Она быстро переложила в правую руку из левой три рубля и хотела незаметно, как делывал отец, передать Дорну деньги, но он рассердился и не взял.
— Но, доктор, — сконфуженно начала она.
— Идите, идите! — закричал Дорн.
Когда она вышла от Дорна, уже совсем стемнело. Ей хотелось петь. Она бежала по улице и пела. У витрины гастрономического магазина она остановилась и загадала: если первым выйдет мужчина — истратить трешку, если женщина — сберечь. Кроме трешки, у нее было еще полтора рубля. Вышла женщина. Антонина вздохнула и пошла дальше, но у следующего магазина не выдержала и опять загадала — наоборот. Вышла женщина. На все три рубля Антонина купила колбасы, карамели, булку, баранок, молока, селедку и маленькую плитку шоколада. Дома на кровати спал котенок. Антонина подула ему в нос, переоделась и разожгла керосинку.
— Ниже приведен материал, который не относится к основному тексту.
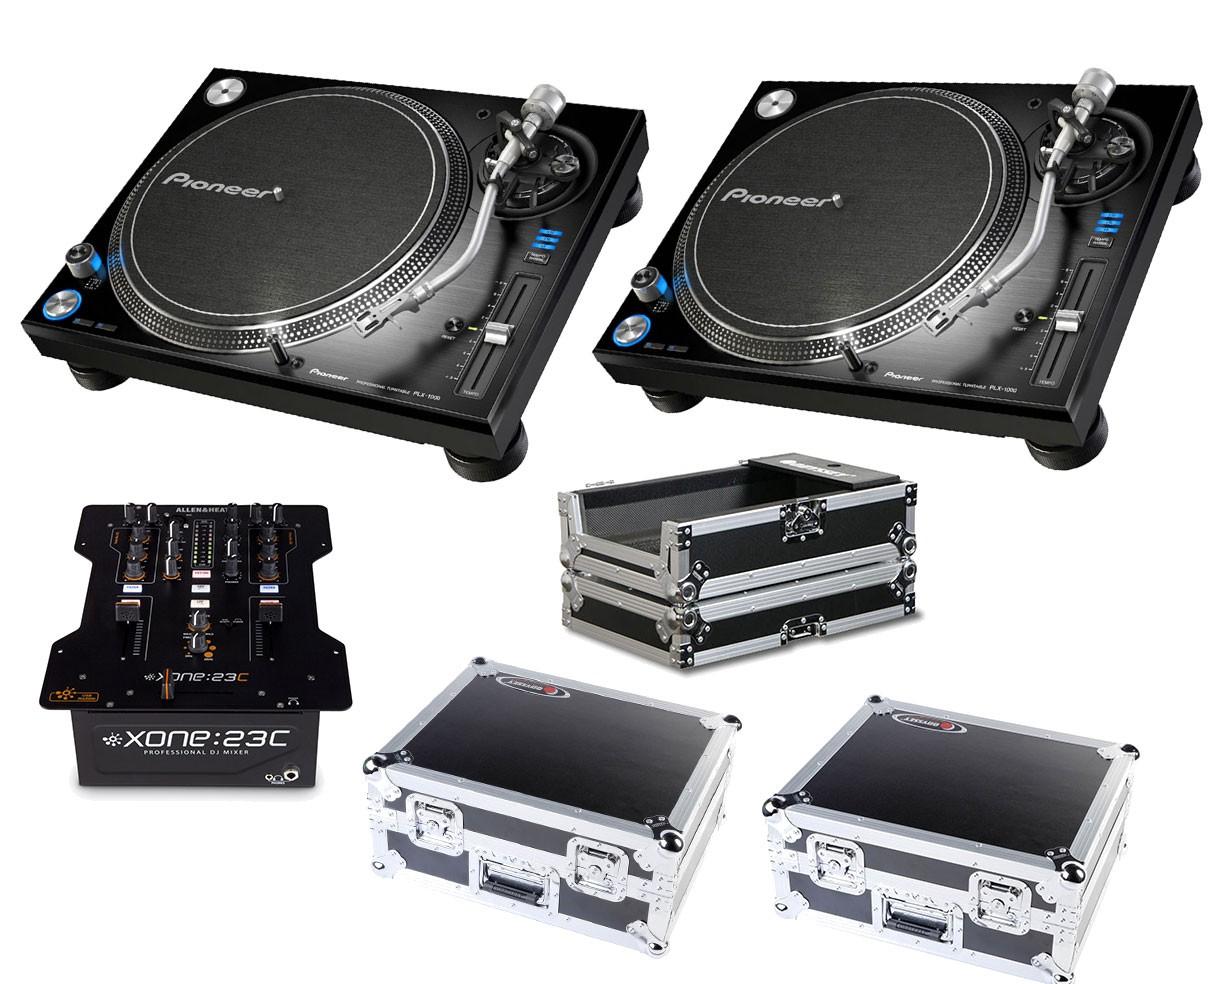 2x Pioneer PLX-1000 + Xone:23C + Odyssey Cases
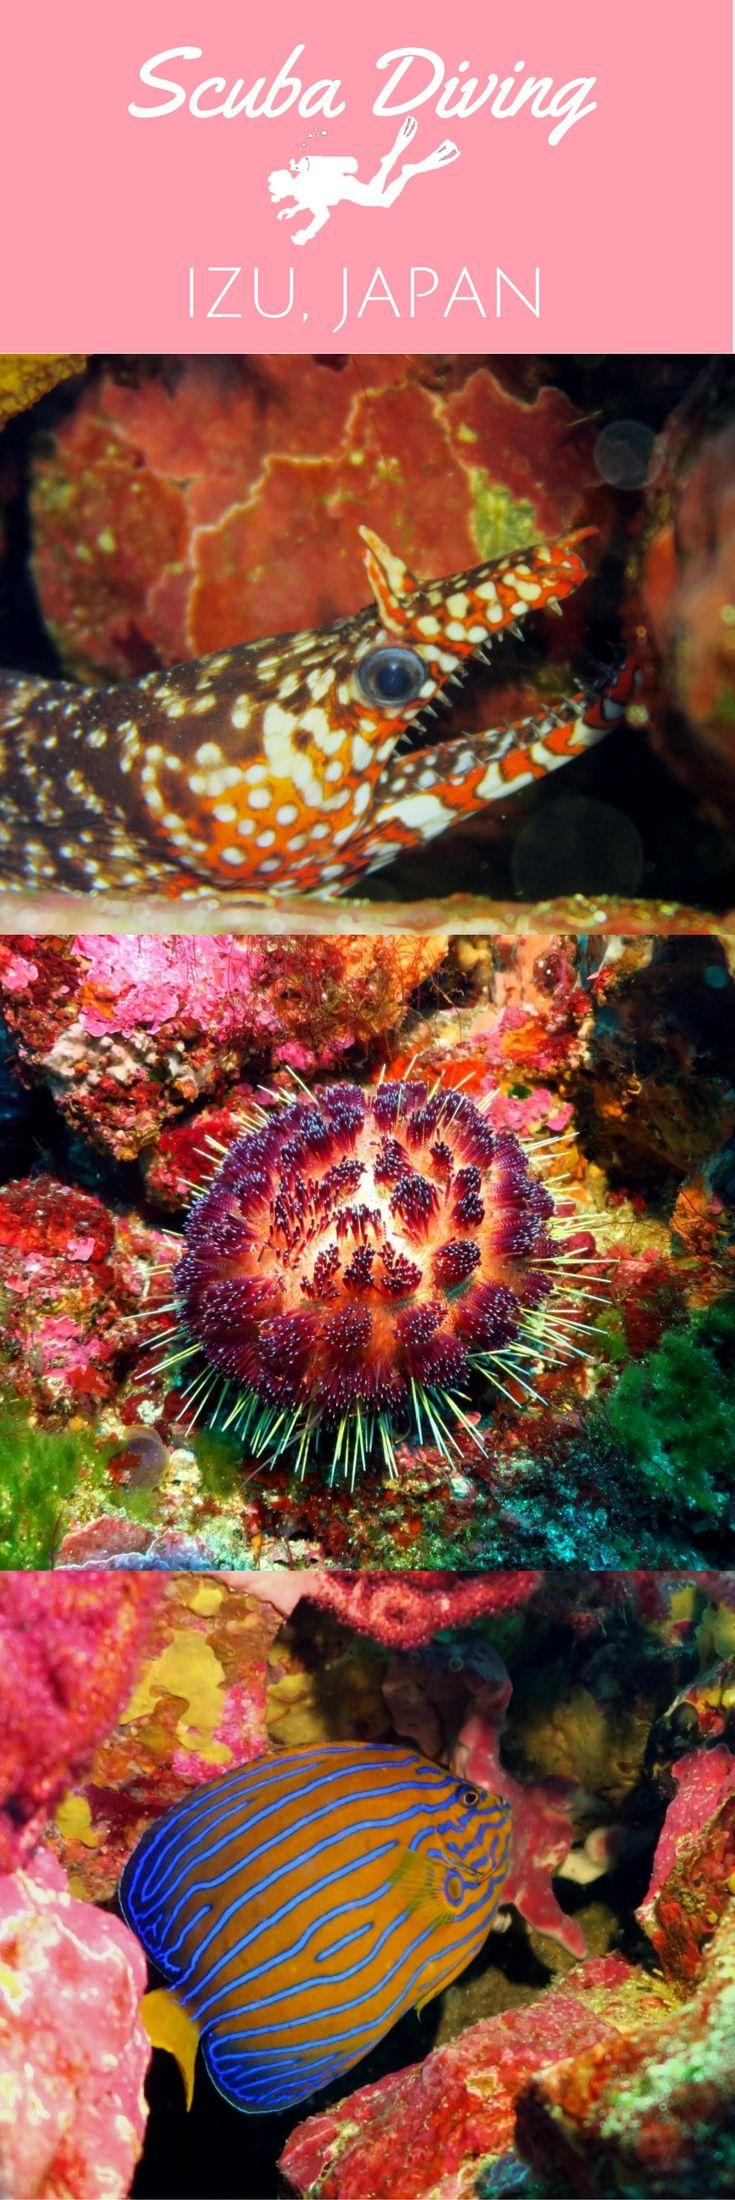 Scuba diving in Izu Ocean Park near Tokyo, Japan - World Adventure Divers - read more on https://worldadventuredivers.com/2017/02/22/scuba-diving-tokyo-to-izu-japan/

Котенок мурлыкал и терся об ее ноги.
19. Мальчик, воды!
Перед тем как отворить дверь в парикмахерскую, Антонина постояла на деревянном, скрипучем от мороза крыльце и из-под заиндевевших ресниц поглядела вокруг.
Вокруг было пусто, голо, морозно.
За невысоким забором чернели остовы кораблей, баржи, подъемный кран. Влево и вправо шла улица, по улице свистела поземка. По мосту через замерзшую реку лениво тянулся товарный поезд.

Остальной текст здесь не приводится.